» **Work item**
Do not include the pictures; repeat the rest of the data exactly.

» **Dataset excerpt**
______

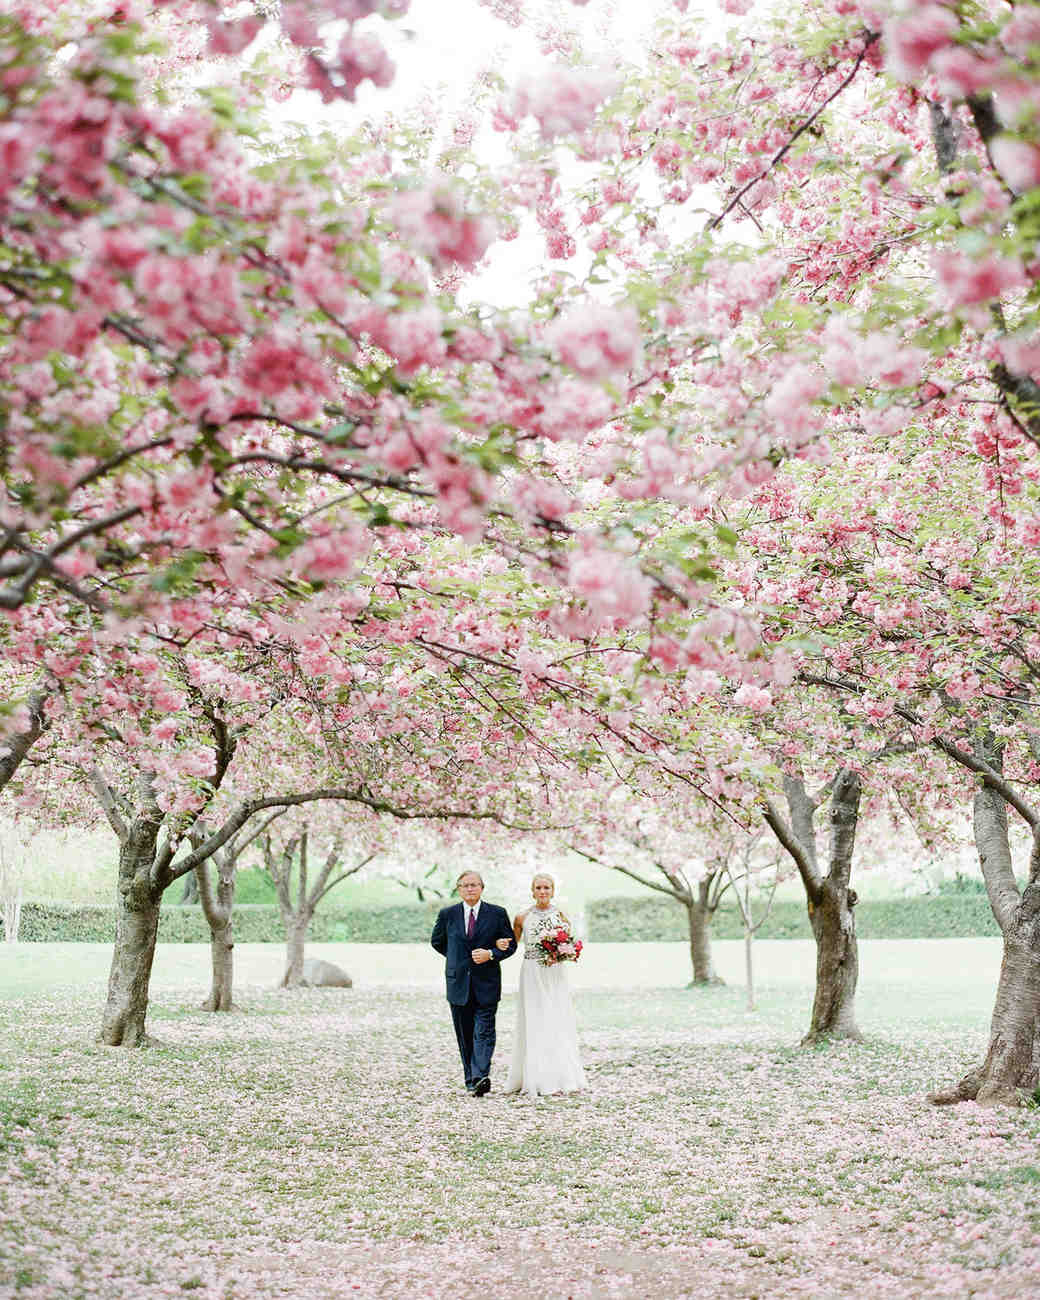 randy-mayo-celebrations-heather-waraksa-cherry-blossoms-dad-0311-s112716.jpg
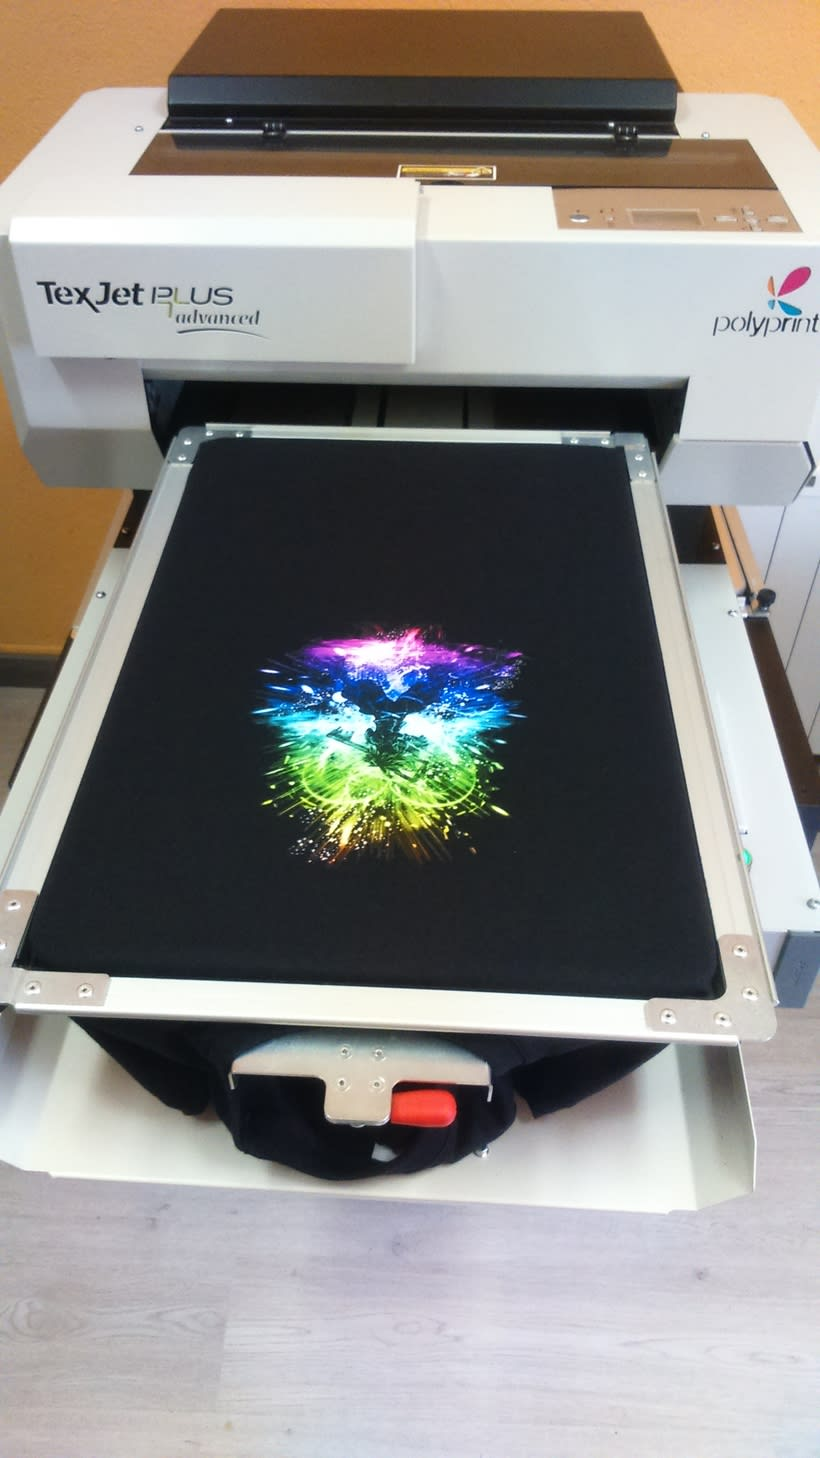 Impresora textil para diseño de camisetas 6
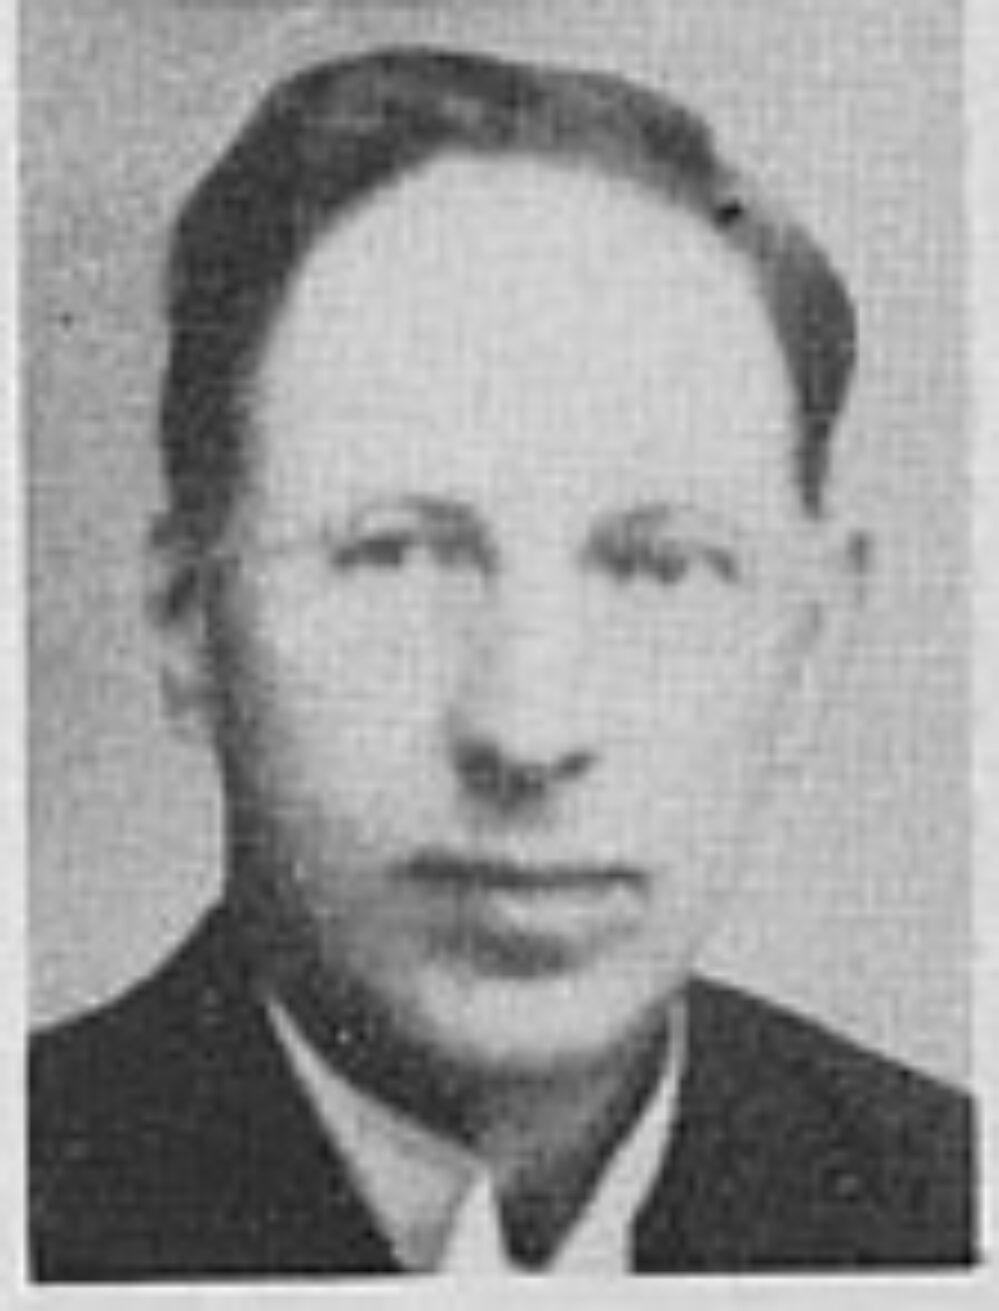 Olaf Albert Olsen Moy

______

» **Output of the exercise**
 randy-mayo-celebrations-heather-waraksa-cherry-blossoms-dad-0311-s112716.jpg
 Impresora textil para diseño de camisetas 6
 Olaf Albert Olsen Moy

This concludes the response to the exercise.